Despite the increasingly difficult fiscal landscape for arts organizations, he said, the Joffrey is the only AGMA ballet company in the U.S. to maintain yearly raises for its dancers. (Administrative salaries at the Joffrey have been frozen.)

"We're not at the (salary) level of the San Francisco Ballet or the New York City Ballet," Conway said. "The cost of living is less (here). But we are in the healthy middle of AGMA companies … . None of the dancers make less than the mid-20s, and we have dancers that make 75-plus. And all their health care is covered."

In the Joffrey's proposal, dancers would be required to contribute to their health benefits only if they also want family members covered as well. Dancers at the company work on a 38-week year. "Often, almost always, dancers have other sources of income when they guest (as dancers) for other companies and they teach at different schools and summer programs," said Conway.
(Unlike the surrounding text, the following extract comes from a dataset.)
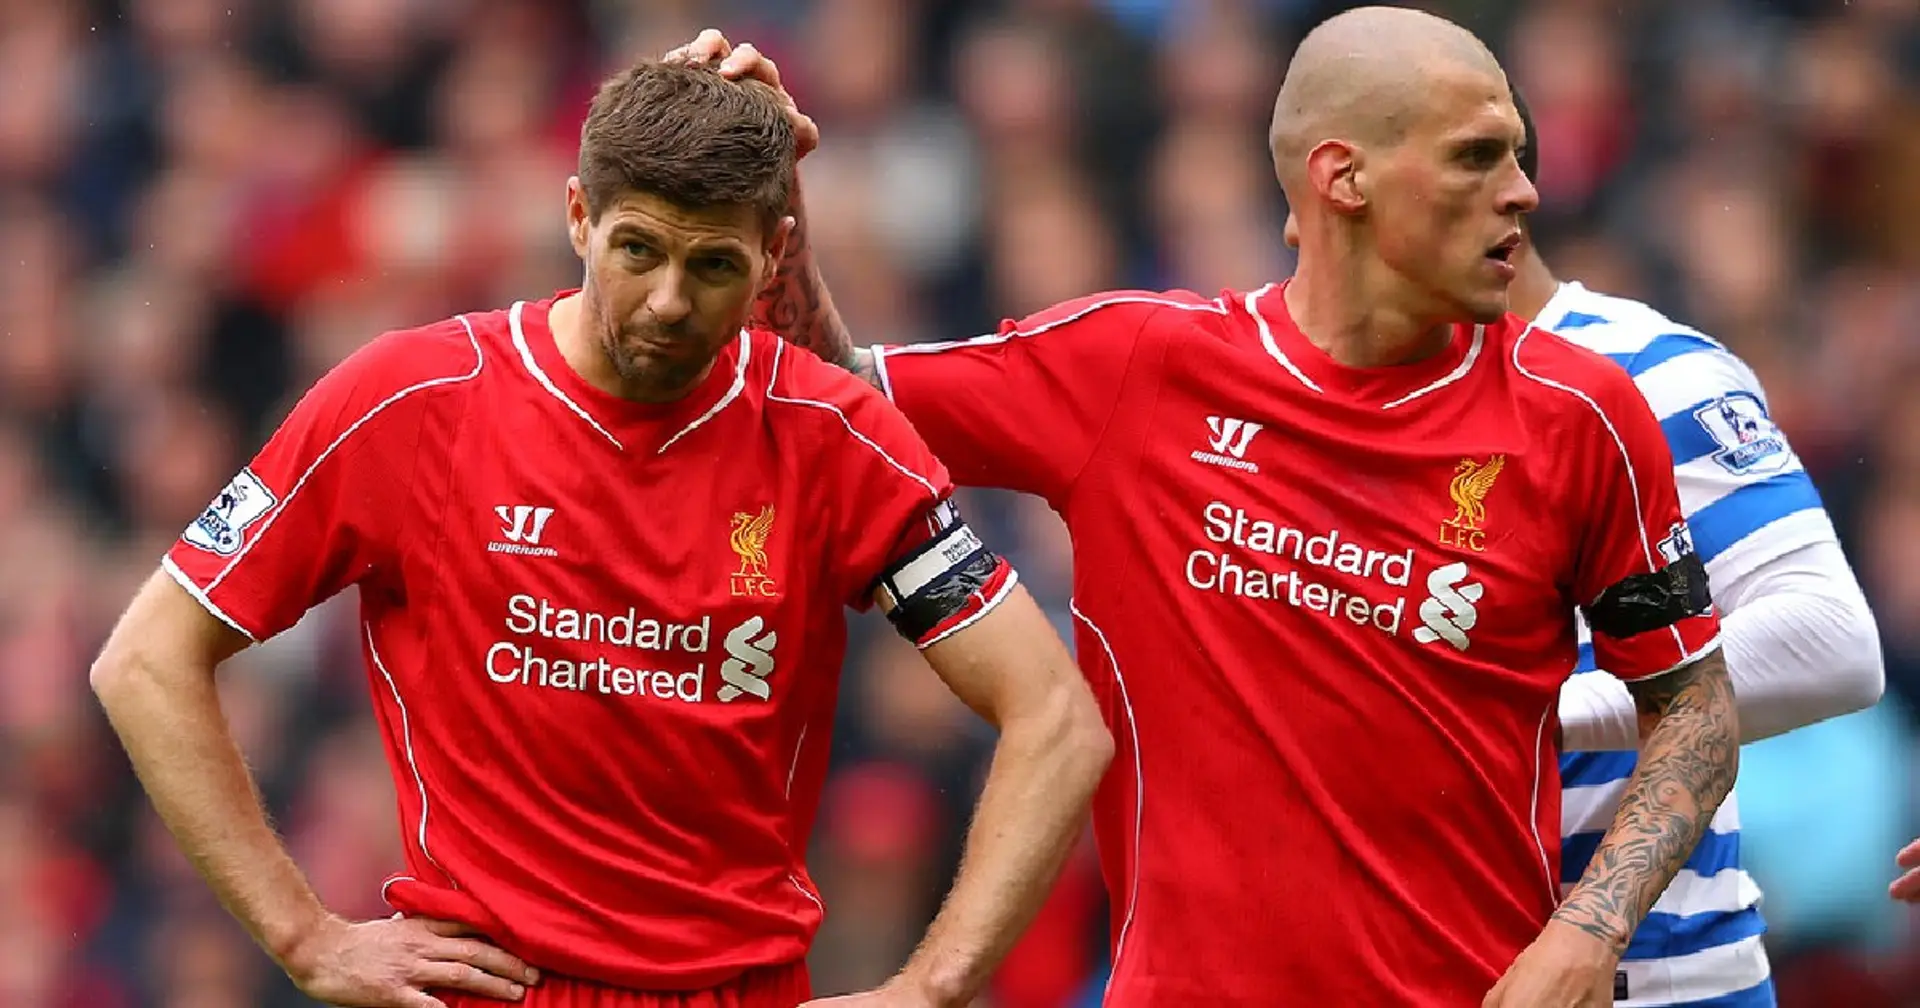 'One day when Jürgen Klopp or Liverpool decide to go a different way, he will be the one': Skrtel on Gerrard

According to the Joffrey, despite the approaching expiration date on the old contract, Hillman never responded to the company's most recent proposal.

"The greatest issue has been nonresponsiveness (from Hillman)," Conway said. "When I explain that to people, they're sort of bewildered by that. It's not uncommon for negotiations to break down over specific terms — one side wanting more than the other is able to give — but breaking down because the other side just doesn't call you back or is not willing to find a date to meet? It's pretty astonishing.
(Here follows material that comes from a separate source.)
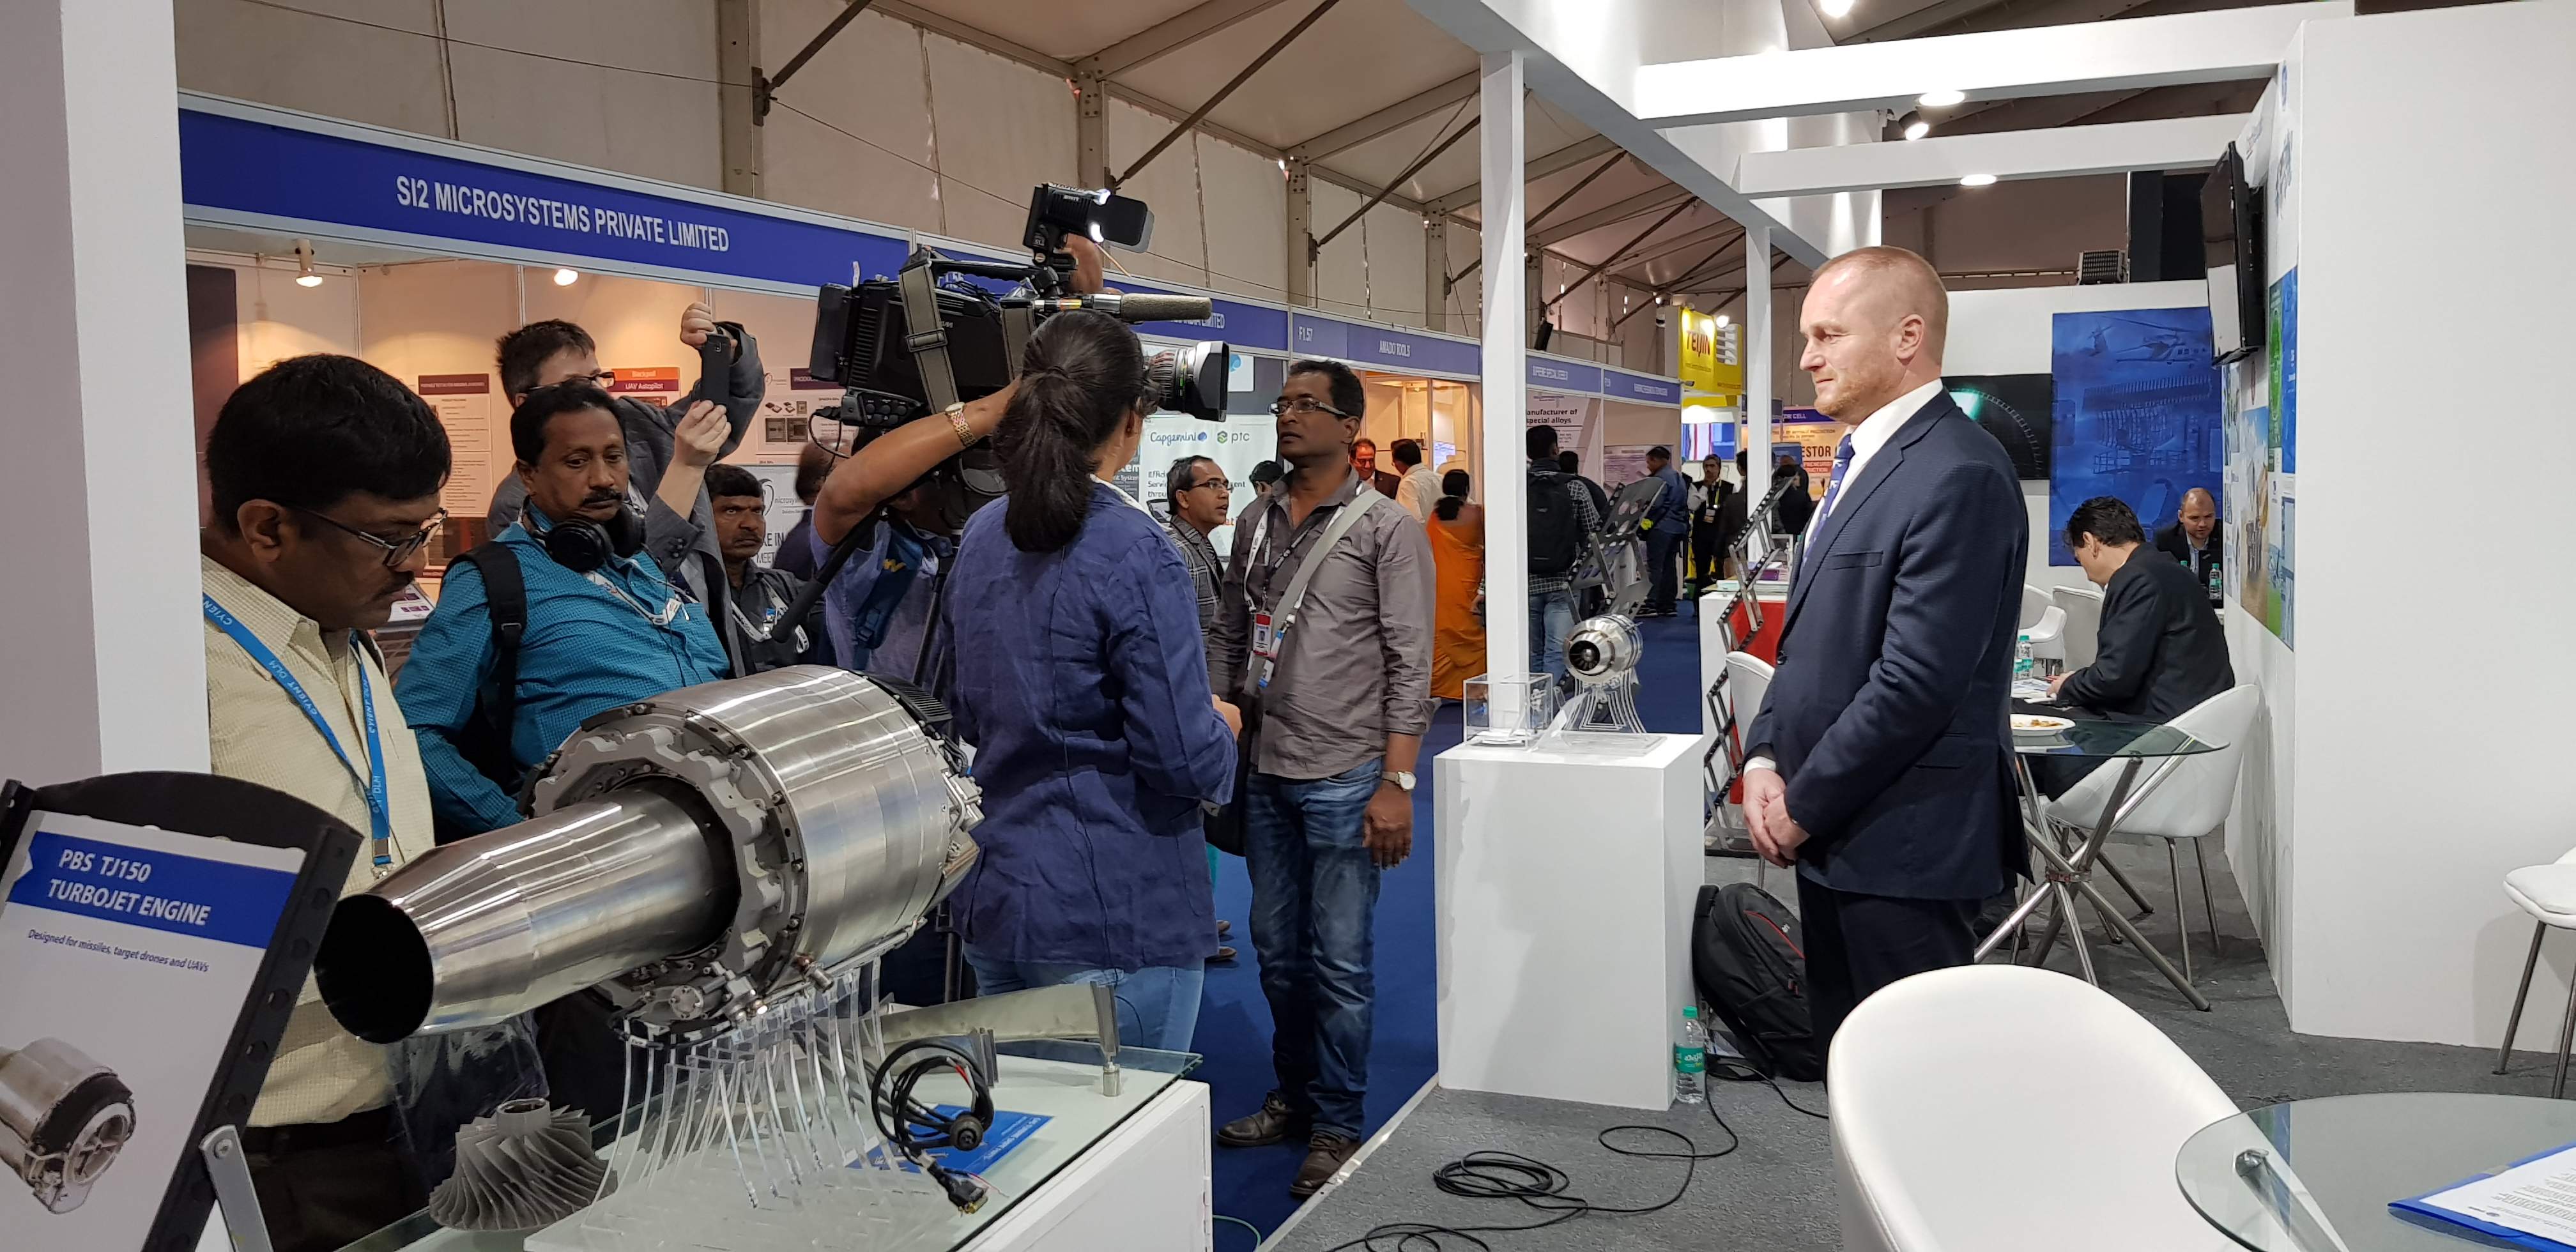 Minister Metnar supported us at AERO INDIA where we participated in talks with the Indian representatives and were interviewed by Channel ONE

"We don't even know if that's been passed along to the dancers," Conway added. "Many of the dancers have contacted me at home over the weekend and said, 'I have no idea what you're talking about, I haven't seen anything (detailing the Joffrey's final offer).' So it's not even like they're saying, 'This is outrageous, you're not giving us enough money,' or 'Too many hours you want us to work.' They just haven't seen any of it."

Dancers contacted by the Tribune declined to speak on the record, and Hillman did not respond to requests for an interview. However, AGMA national executive director, New York-based Alan S. Gordon, replied to an email from the Tribune.
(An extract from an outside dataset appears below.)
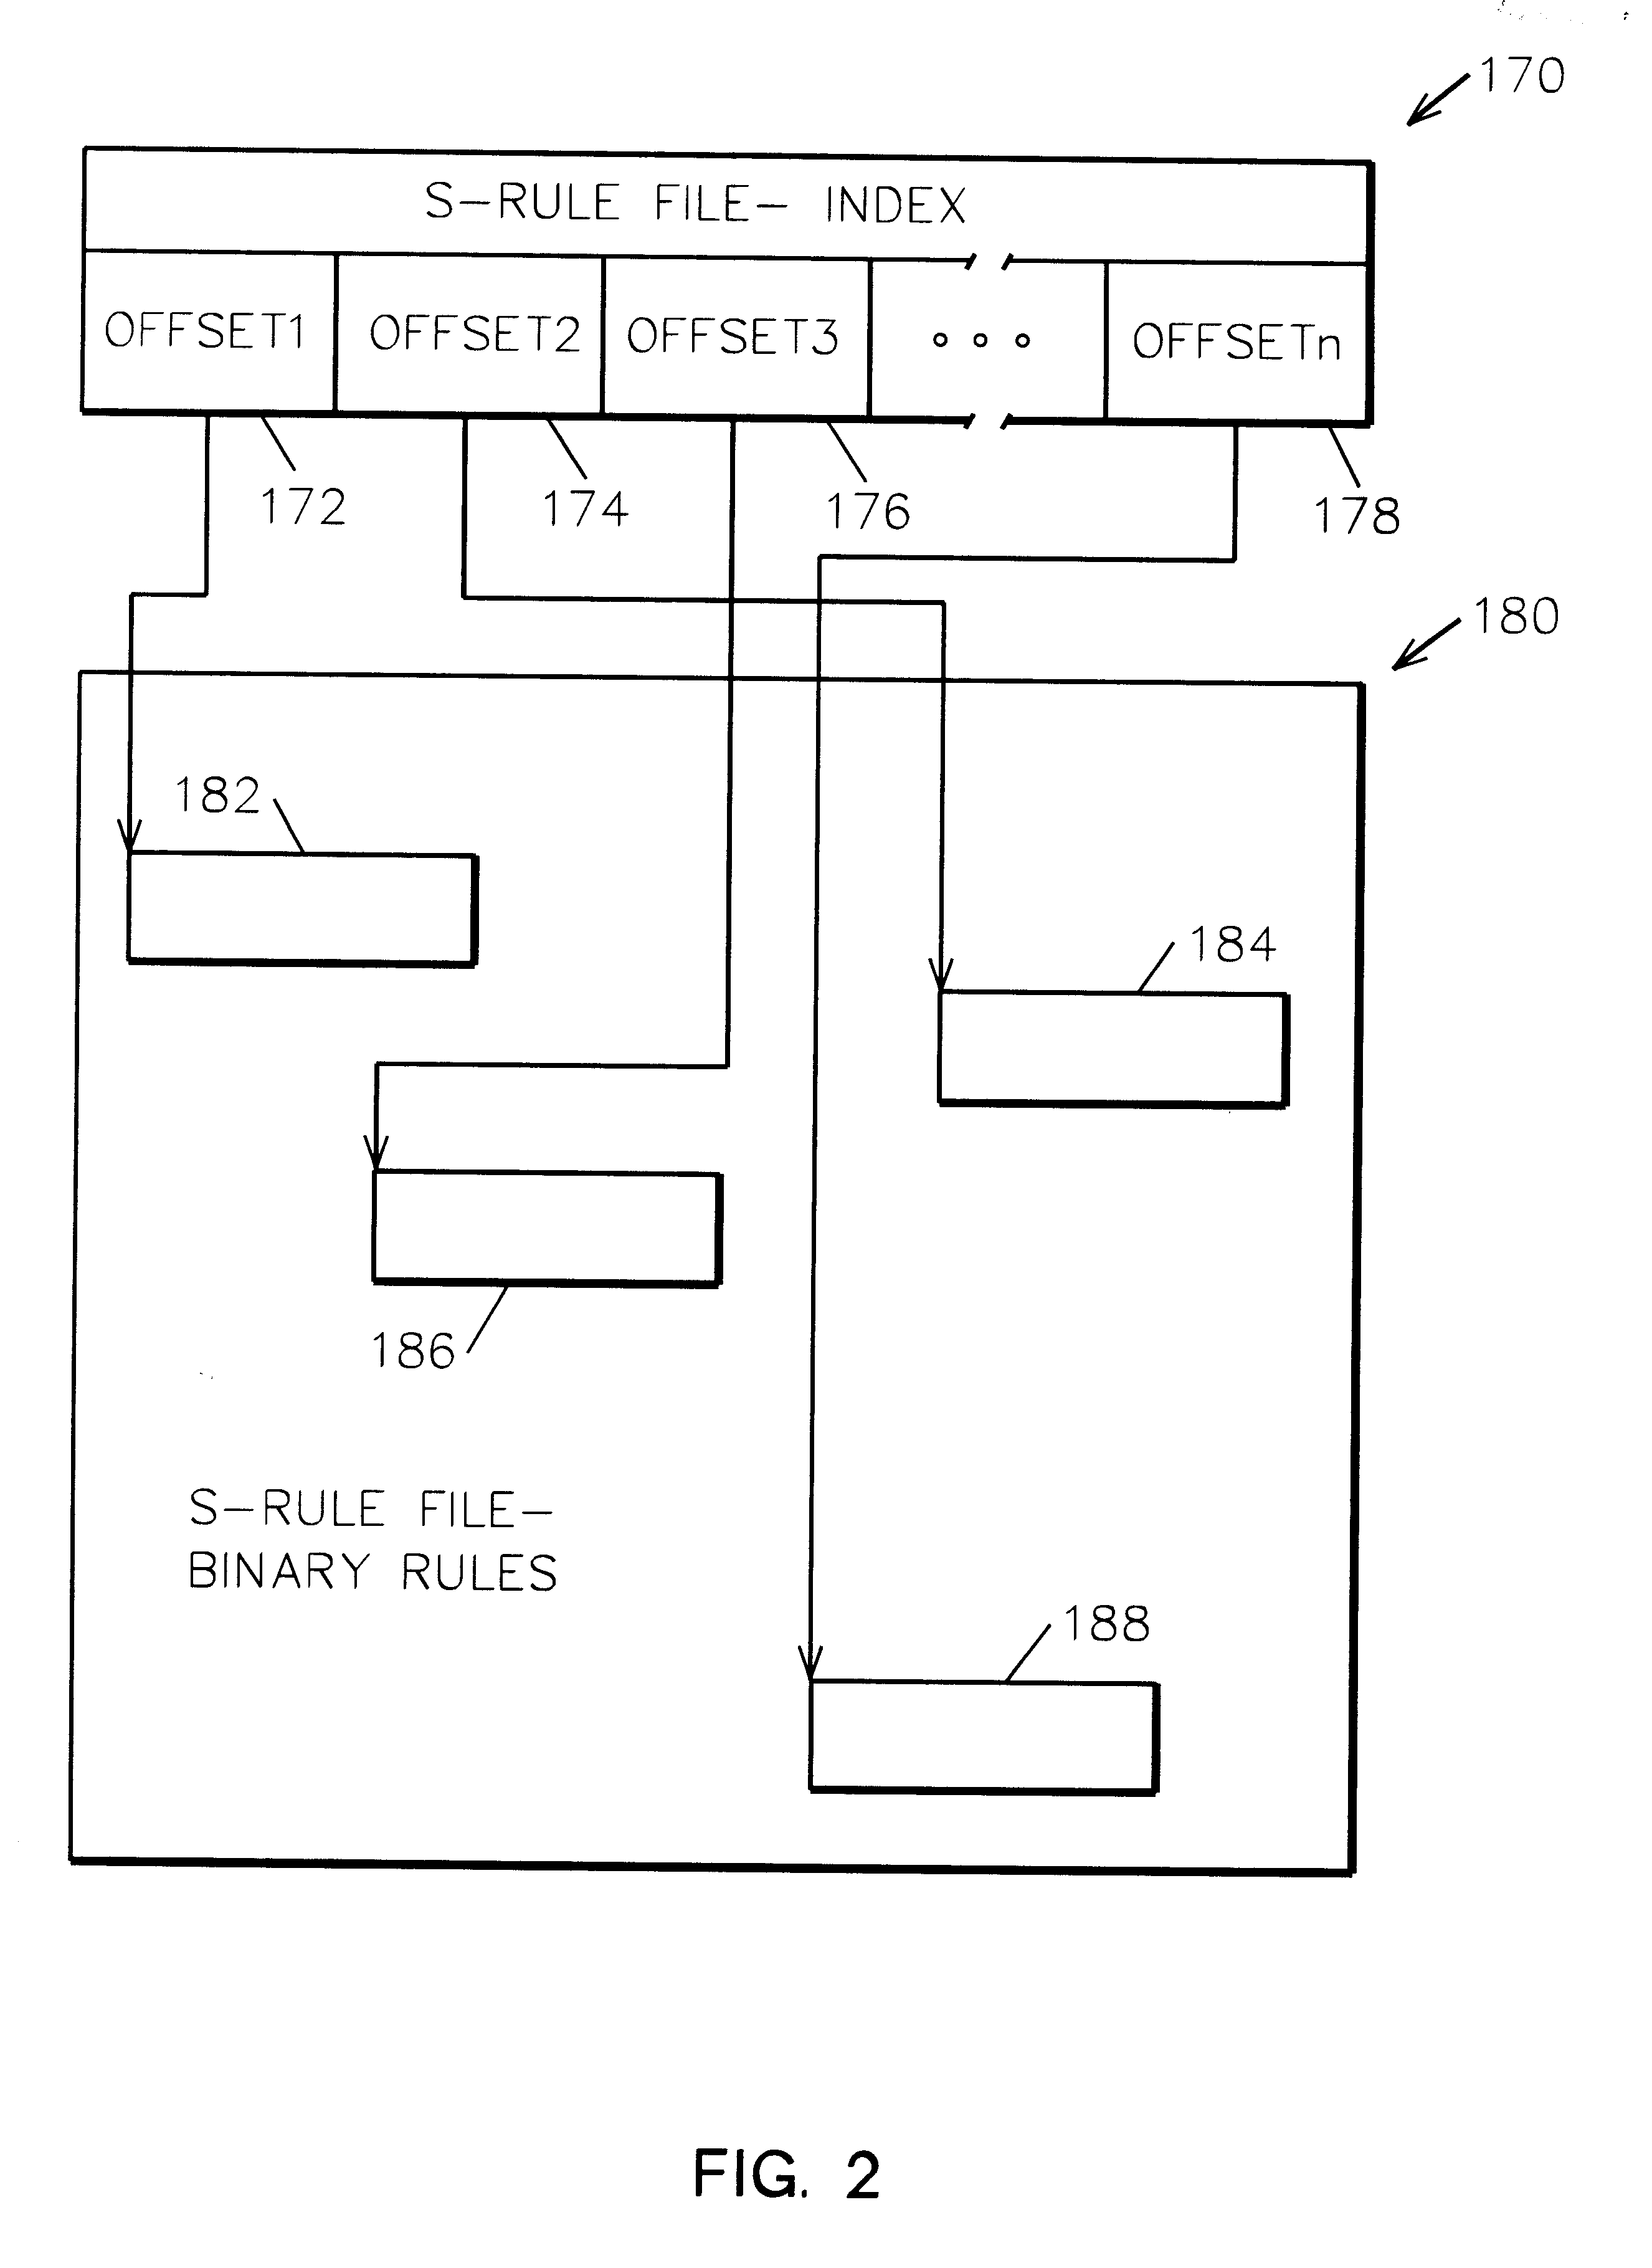 System and method for IP network address translation and IP filtering with dynamic address resolution

"I am not involved in these negotiations personally, although it looks like I may now have to be," he wrote Monday. "According to Barbara Hillman … notice of a lockout was a complete surprise to the union and to the dancers; probably illegal because no impasse in the negotiations has been reached; and certainly foolish, inasmuch as the dancers and the company are not all that far apart."

Conway described Hillman as perpetually unavailable. "It's not that Barbara doesn't respond at all, it's just very delayed and an unwillingness to find dates (to meet), that sort of thing. It's hard to feel like those sorts of things aren't part of a strategic playbook."

When asked, Conway (who has been Joffrey's executive director for six years) acknowledged there has long been tension between the union and the Joffrey, a sentiment echoed by AGMA's Gordon.

"In past negotiations," Gordon wrote, "the company's lawyer ... has tried to provoke strikes for no reason, and I can only assume that once again he is inappropriately trying to be 'tough' at the expense of the dancers' well-being and his client's well-being." Gordon added that he thought the ballet company "may be using the contract termination as an excuse to take this action to bolster its negotiating posture."

Unless there is a resolution by the end of this month, the Joffrey will be on temporary hiatus. Financially, the company should be able to weather the cancellations. "We have language that we annually enter into agreements that protects us from any kind of labor action, and we have insurance for labor actions," said Conway. "So I don't anticipate the financial impact being significant. It's more the inconvenience and disappointment to patrons that we would woefully regret." Subscribers and other ticket-buyers would receive refunds.

As for the letter to dancers, "We sent out the letter immediately, not to be threatening or intimidating to the dancers. It's actually the opposite," Conway said. "It's trying to keep things on track and trying to get this done as quickly as possible so we can have an uninterrupted season."